Месяц тому назад, девятого сентября, она заперлась в своей комнате,
намеренно оставила горящие угли и закрыла печь. А враги Мирабо и
давай кричать, что она умерла потому, что ее бросил первый
любовник, в то время как она умирает от любви к другому... Ах,
история, история! Вот как она пишется!
- Стало быть, вот отчего он с таким равнодушием отнесся к этому
известию?
- Как он к нему отнесся, я тоже могу рассказать вашему величеству,
потому что я знаю, кто эту новость принес: это один из членов
Национального собрания. Спросите у него сами, он не сможет солгать,
потому что это священнослужитель из монастыря Жьен, аббат Вале; он
занимает место на скамье, противоположной той, где сидит Мирабо.
Он прошел через весь зал и, к величайшему изумлению графа, сел
рядом с ним. Какого черта вы здесь делаете? - спросил его Мирабо.
Аббат Вале молча подал ему письмо, в котором во всех подробностях
рассказывалось о трагическом происшествии. Мирабо распечатал
письмо и долго читал; должно быть, он не мог этому поверить. Потом
он еще раз стал перечитывать письмо, сильно изменившись в лице и
побледнев; время от времени он проводил рукой по лицу, смахивал
слезу, кашлял, пытался взять себя в руки. Наконец он не выдержал,
встал, торопливо вышел из зала и три дня не появлялся на заседаниях
Национального собрания... Государь! Простите мне все эти
подробности; достаточно быть просто гением, чтобы на тебя клеветали
по любому поводу; чего же ждать в том случае, когда дело доходит до
не просто гения, а колосса?!
- Почему же дело обстоит именно так, доктор? Какая выгода в том,
чтобы очернить в моих глазах господина де Мирабо?
- Какая в том выгода, государь? Посредственность жаждет
удержаться около трона. А Мирабо - из тех, кто, входя в храм,
выгоняет из него торгующих. Окажись Мирабо рядом с вами, государь,
тут-то и наступил бы конец всем мелким интригам; появление около
вас Мирабо будет означать изгнание ничтожных интриганов, ведь он -
гений, прокладывающий дорогу к честности.

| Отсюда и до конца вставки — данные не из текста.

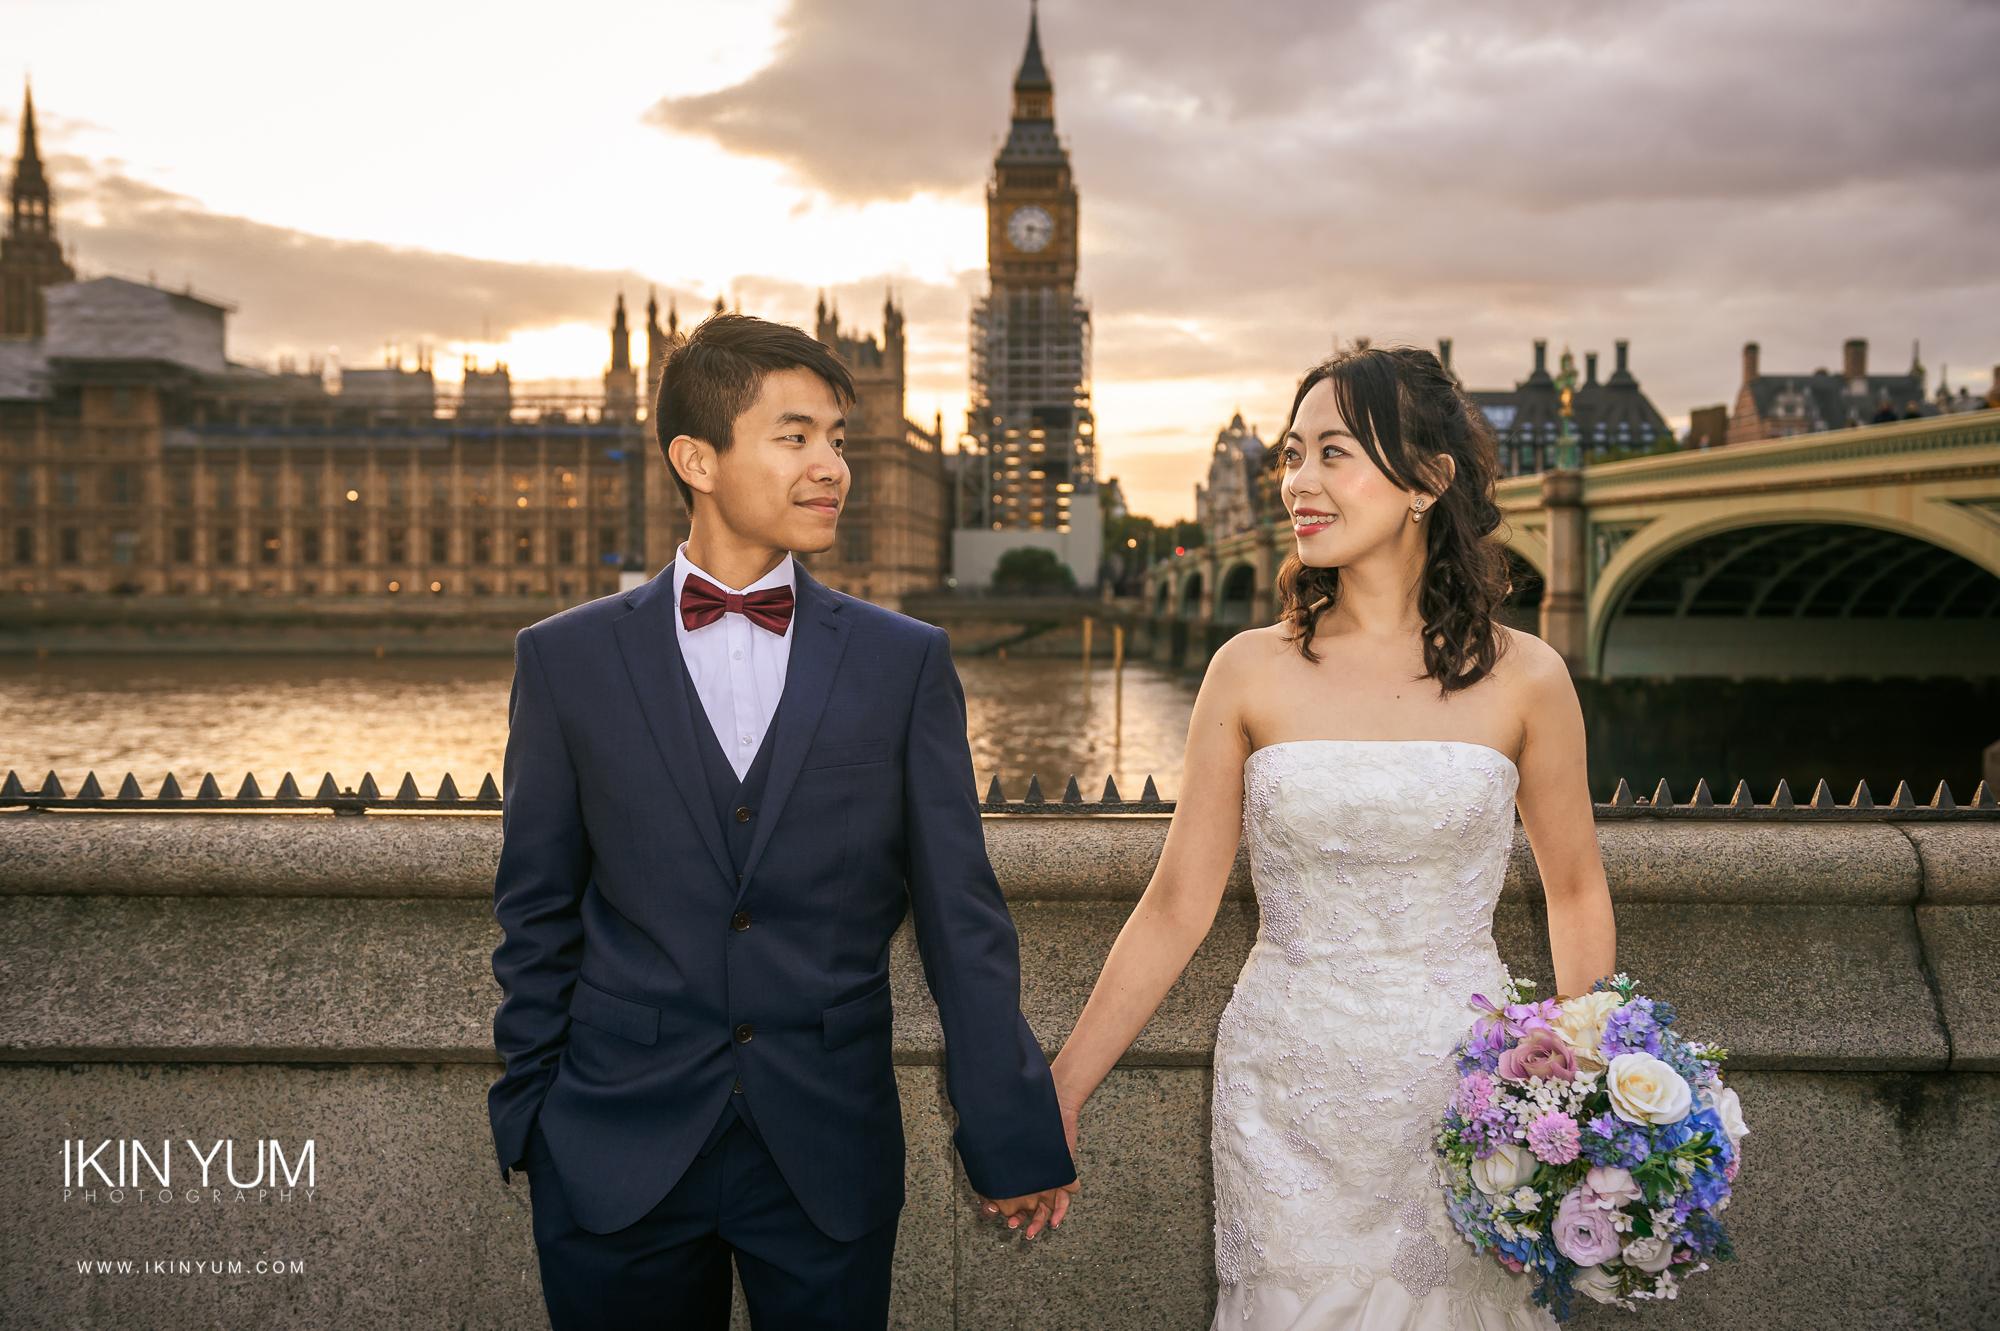 Chloe & Carlos Pre-Wedding Shoot- Ikin Yum Photography-0127.jpg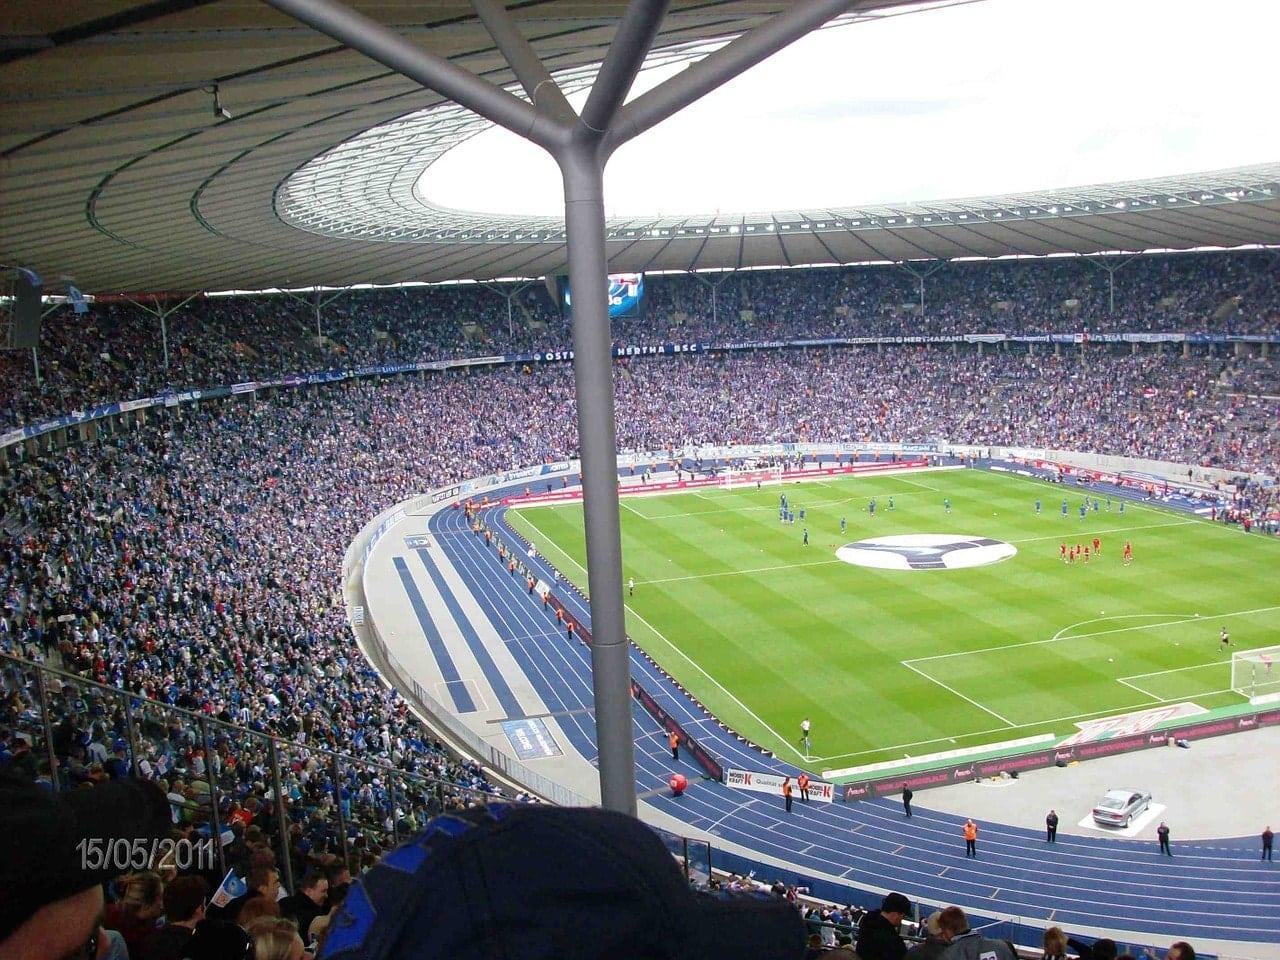 olympic-stadium-berliner-umschau-beste-rueckrunde-aller-zeiten

И какое значение для вас,
государь, может иметь то, что Мирабо не ладил с женой? Что вам до
того, что Мирабо похитил госпожу де Моннье? Почему вас должно
смущать, что у Мирабо - полумиллионный долг? Расплатитесь за него
с этими долгами, государь; прибавьте к этой сумме миллион, два,
десять миллионов, если потребуется! Мирабо свободен, не упускайте
Мирабо; берите его, назначьте его своим советником, министром;
прислушайтесь к его мощному голосу и повторите его слова своему
народу, Европе, всему миру!
- Господин де Мирабо торговал бельем в Эксе ради того, чтобы
стать народным избранником; господин де Мирабо не может обмануть
тех, кто ему доверял; он не может оставить сторону народа и перейти
на сторону короля.
- Государь! Государь! Еще раз говорю вам, что вы не знаете
Мирабо: Мирабо - аристократ, дворянин, роялист прежде всего. Он
пошел на то, чтобы народ избрал его, потому, что знать его презирала,
потому что у Мирабо есть потребность любой ценой добиться своего,
это так свойственно гениям! Если бы он не был избран ни знатью, ни
простым народом, он вошел бы в Парламент, как Людовик
Четырнадцатый, с оружием в руках, ссылаясь на свое священное право.
Вы говорите, что он не бросит народ и не перейдет на сторону двора?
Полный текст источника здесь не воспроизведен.